不嫁妖孽王爷作者:肉书屋
不嫁妖孽王爷第14部分阅读
水无痕闻言没有说话,只是静静观察着脚下的沙子,他耳朵微微动了动,随后,俊眉一蹙急迫说道:“静儿,快过来我的身边!”
吴芷静敛眉问道:“怎么了?”
“我们脚下的沙变成流沙了!”水无痕惊叹起来。
“流沙?怎么会呢?我们刚才走过来时,它都没有移动呢!”
正当吴芷静说话之际,她忽觉身下有一股巨大的拉力将她往下扯去,闪电之间,她的小腿已然被流沙淹没,水无痕见状凤眸一瞪,旋即飞身到达吴芷静身边,用手拉住了她的手,跟着使劲往外拉扯。
吴芷静挣脱开了水无痕的手,郑重说道:“你不要拉我,陷入流沙之中的人,除非用吊车来拉,否则,绝对拉不起来的,而且,你越拉我,我下陷的速度越快!”
水无痕一脸焦急:“那要怎么办?”
吴芷静不再说话,任由身子慢慢往下陷去,水无痕则眼睁睁地看着她陷入沙丘之中,毫无任何办法。人生第一次,他憎恨自己的无力。
当沙子覆盖住吴芷静的腰部时,身子便不再往下陷了,吴芷静扬了扬唇说道:“好了,它不会再往下陷了,但是……我也永远出不来了。”
“不可能,我会想办法将你弄出来的。”水无痕自然不肯相信吴芷静的话。
吴芷静无力地摇着头说道:“没有办法的,无论你有多强大,却始终抵不过大自然的侵袭,除非,你可以开一辆吊车过来将我拉出去。”
水无痕双手紧握成拳,前所未有地激动起来:“哪里有吊车,我去开!
吴芷静看着脸色有些发红的水无痕,忽然有一种想笑的冲动,她见过冰冷的他,淡漠的他,怒意勃发的他,却唯独没有见过现在这样的他,他为何要这么在乎她的生死?
“水无痕……”吴芷静淡淡地叫出了他的名字。
水无痕安静了下来,他在吴芷静身旁坐了下去,侧望着她,回道:“嗯?”
吴芷静看着水无痕俊挺的侧脸,经过这么多日的奔波,为何他的发依旧漆黑如墨?为何他的衣衫依旧这般洁净?
回想起来到异世发生的点点滴滴,到现在为止,她真的已经不再讨厌他了,而他也没有必要与她耗在这里,她唇角轻扬:“你走吧,不要管我了。
水无痕轩眉淡淡,神色如常,回问道:“为何又说这样的话?”上一次在树林时,她也曾说过同样的话。

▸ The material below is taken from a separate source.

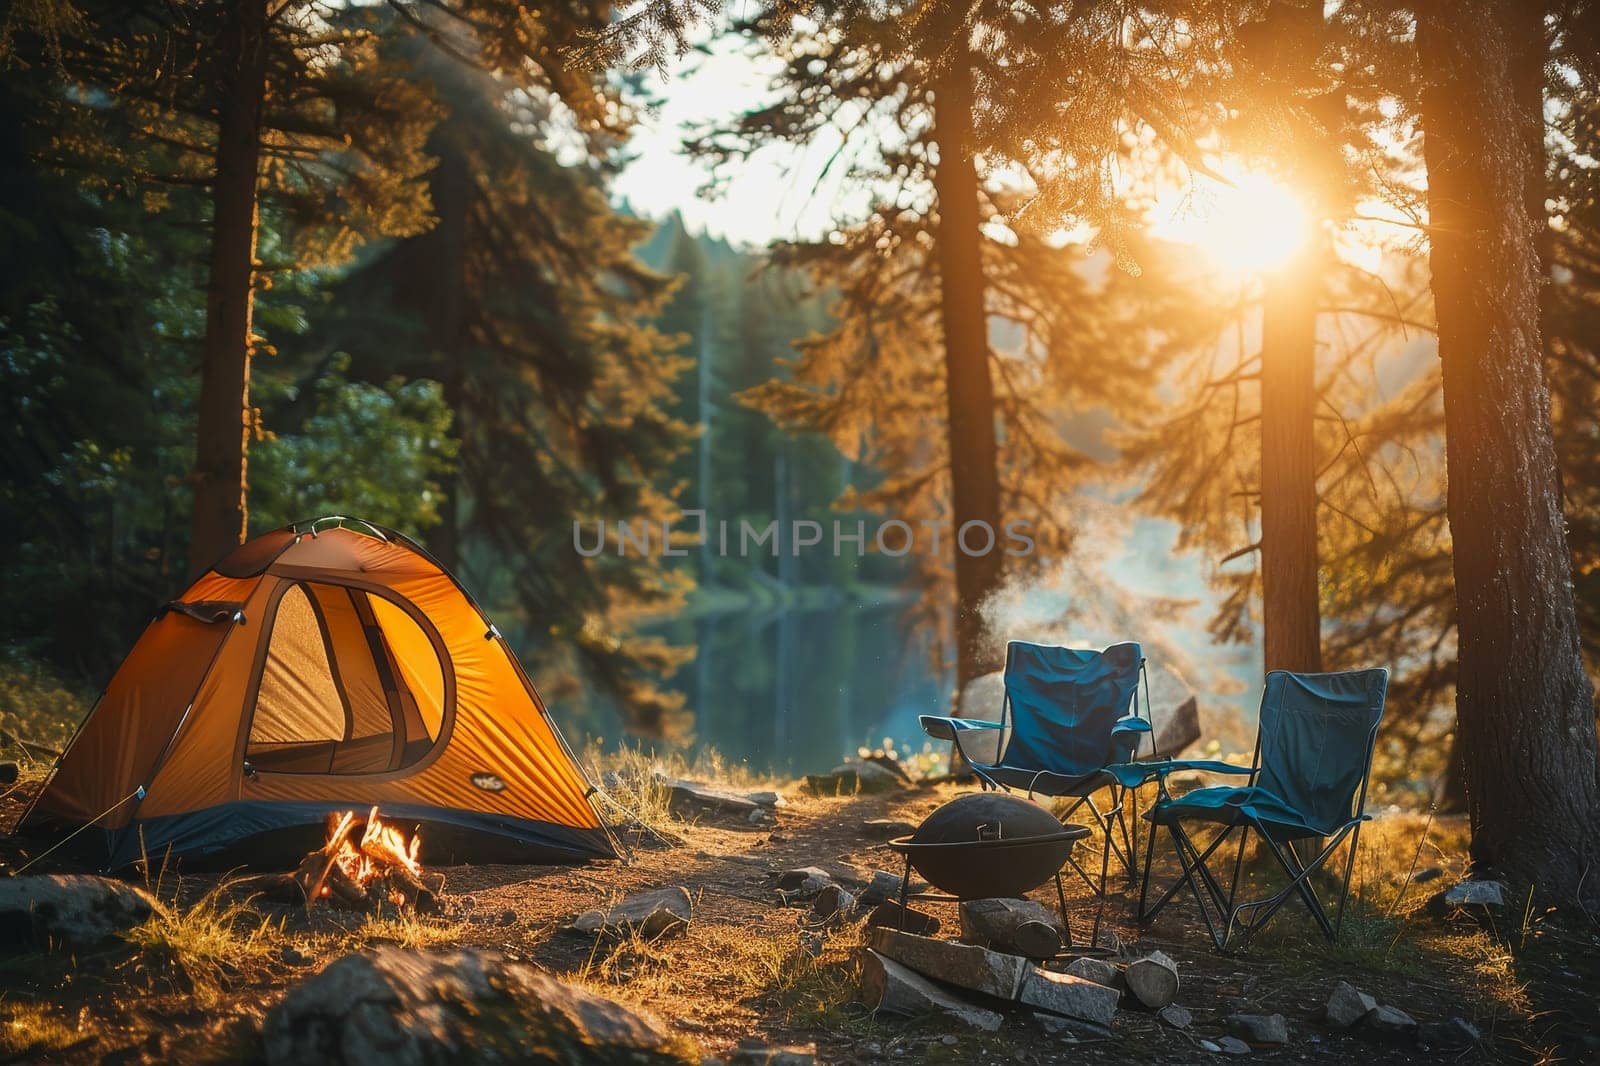 Camping outdoors with lots of sunlight. tent, chairs, a tent BBQ rack, and more by Manastrong

聪明如她又怎会看不懂他的心意,可是,她为何一次又一次地将他往外推?难道她早已心有所属,而那人却在她说的另外一个世界?
吴芷静撇撇嘴,满不在乎地说道:“反正我是掉不下去也出不来的,你不走,莫非还要在这里陪我看着太阳东升西落么?”
“有何不可呢?我不相信没有办法将你拉出来,就算不能拉你出来,我也会在这里为你建一座小房子,为你遮风挡雨,然后为你寻找水源与食物,直到你能出来的那一天。”水无痕说得淡淡的,却不知,淡淡的话语中蕴含着太多的感动。
吴芷静心中自有感动,但是,感动中却带着小小的疑惑,她轻笑道:“怎么可能呢?你不要你的父皇了?不要王爷的权势了?放弃寻找蝴蝶佛牌了?”
水无痕闻言,清亮的凤眸黯淡了些许:“父亲这个词早在十二年前,就已经没有任何意义了。我之所以当这个王爷,是想查清当年的巫蛊之乱,还我母妃一个清白而已。寻找蝴蝶佛牌只是弥补我的过失。”
“那你查到了么?”
水无痕摇头道:“线索指向北漠皇室时就忽然断了线索,当年所有与此事有关的人都死了。”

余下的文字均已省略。